The parking lot across the south east of the codes Lärchenturm / Cjajnik, Koschutnikturm / Košutnikov turn. At the beginning of the way, we will also see the big picture Košute and accurately vrisanimi routes to Cjajnik and turn Košutnikov. The path then some time passing through the woods towards the east and us to a crossroads where it is focusing our right to CN Cjajnik. Soon come from the forest to scree which then needs to be cut across to the west (toward the Cjajniku). In prečenju scree follow the red white markings, large yellow markings on the rocks but to us confused, as kept by melišču up to the ravine, leading to Cjajnikovi stubs.
Entering the part of the way plezalni is equipped with the mandatory helmet and samovarovalnim kit, strongly recommended the use of climbing gloves. The path at the beginning of a steep vzpne and then crosses a steep wall to the right.
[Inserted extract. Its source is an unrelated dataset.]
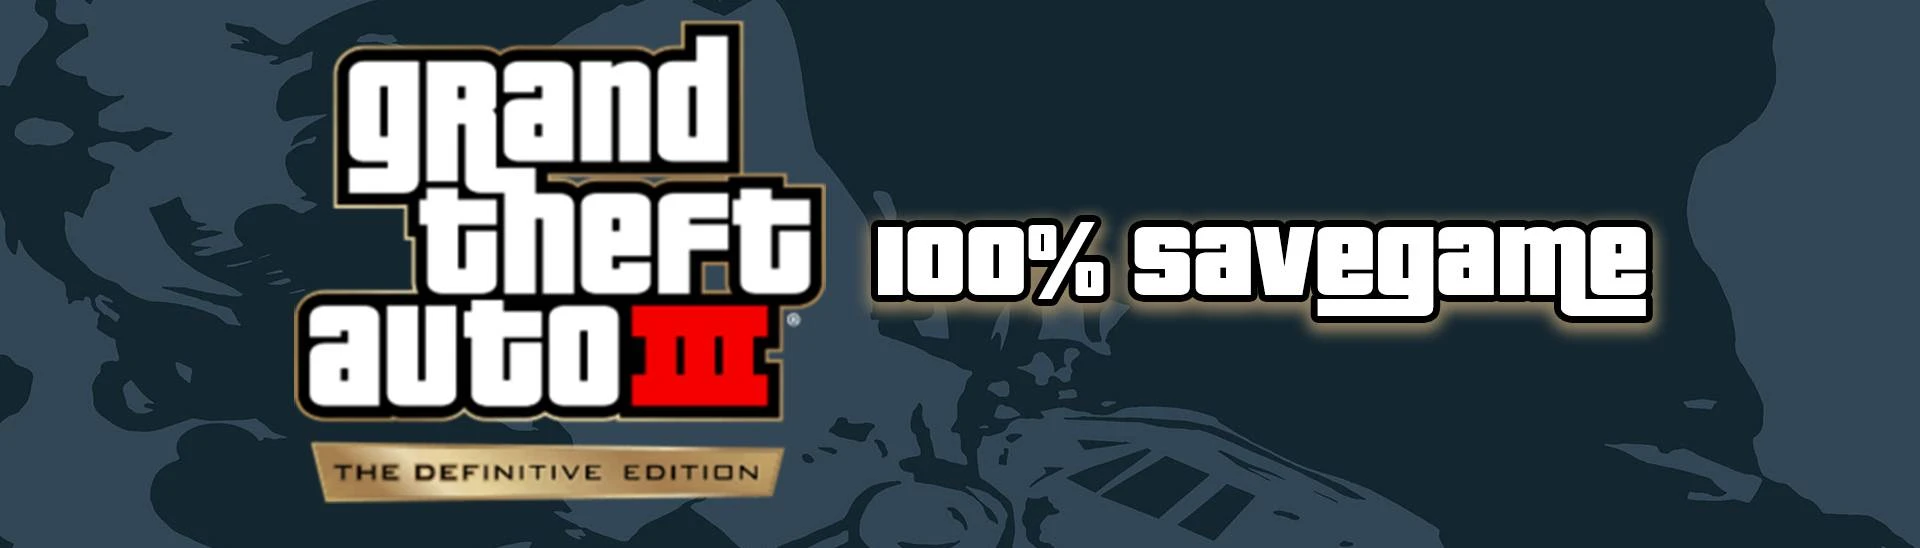 Grand Theft Auto III Definitive Edition 100 Percent Savegame at Grand ...
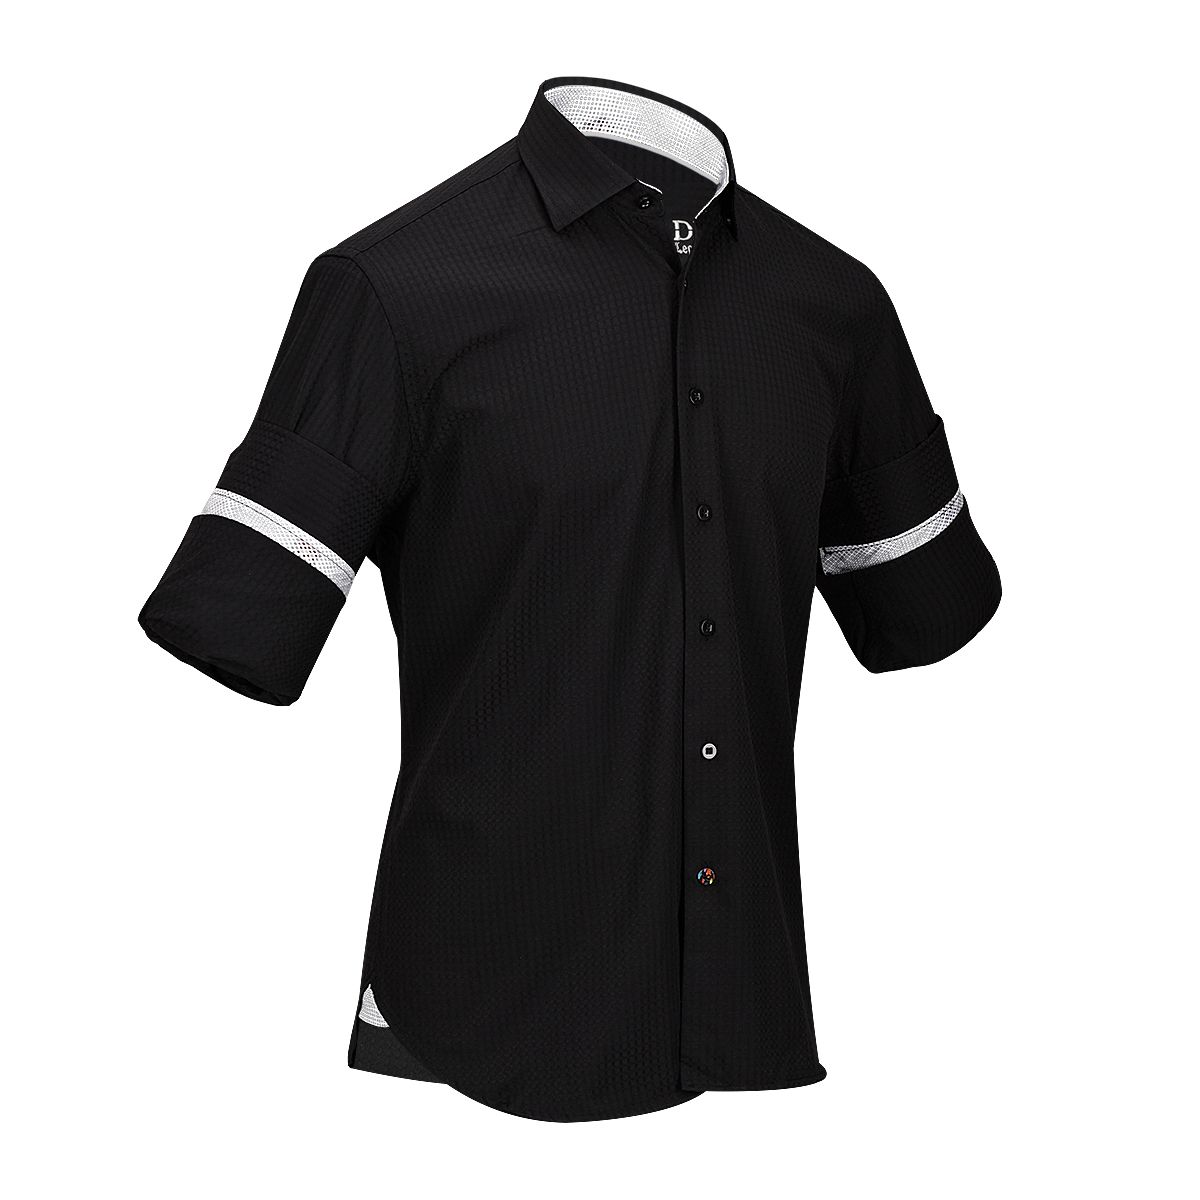 CM04600 - Cuadra black casual fashion short sleeve cotton shirt-CUADRA-Kuet-Cuadra-Boots

The journey is consistently well-protected by jeklenico, occasionally we have also benefited from some staples, but much less than you might expect someone. Stop is not great and a lot of work we have to climb to do with hands. The path then take some time course slightly to the right, and what a few almost vertical vzpne. Later the path turns to the left and vzpne at slightly improved slightly poraščenem slope. For a short time, we also show the top Cjanovca, and then re-enter the wall. Again very sharply vzpnemo and the exposure is becoming more. Escarpment below rarely discounts, then the path turns slightly to the right and us to a crossroads on the crest tower. The choice we have two paths that lead to the top, regardless of whom we choose, however we have a very difficult climbing. The left path is marked by difficulty level D, but with the right difficulty level C.
Austrians estimated težvnost climbing routes with ratings from A to E with A easiest and most demanding E.
Right easier path, first passing the top right-hand and then to the top vzpne on the west side. The left path is the crossroads vzpne as vertically to the top. Climbing here is really very difficult because there are not many in the rock holds. To help us, only a few staples and the vertical jeklenica.
Cjajnik journey to the exceptionally difficult and is suitable only for the most skilled Gornik with enough power in the hands and with due samovarovanjem. The journey is the hardest in the total Karavankah and even more difficult than most Italian extremely difficult path in the Julian Alps.
In the territory of Slovenia demanding pathways so we do not find.
Descent may be on the path of the rise (in the upper part of the Route C difficulty levels). Another possibility is that either south to Cjajnikove stubs from which we continue to the main ridge Košute and descent on the Slovenian side or by climbing routes in the Košutnikov turn to the baseline. The path to Cjajnikove stubs over the east GRAPO is closed because of rocks falling.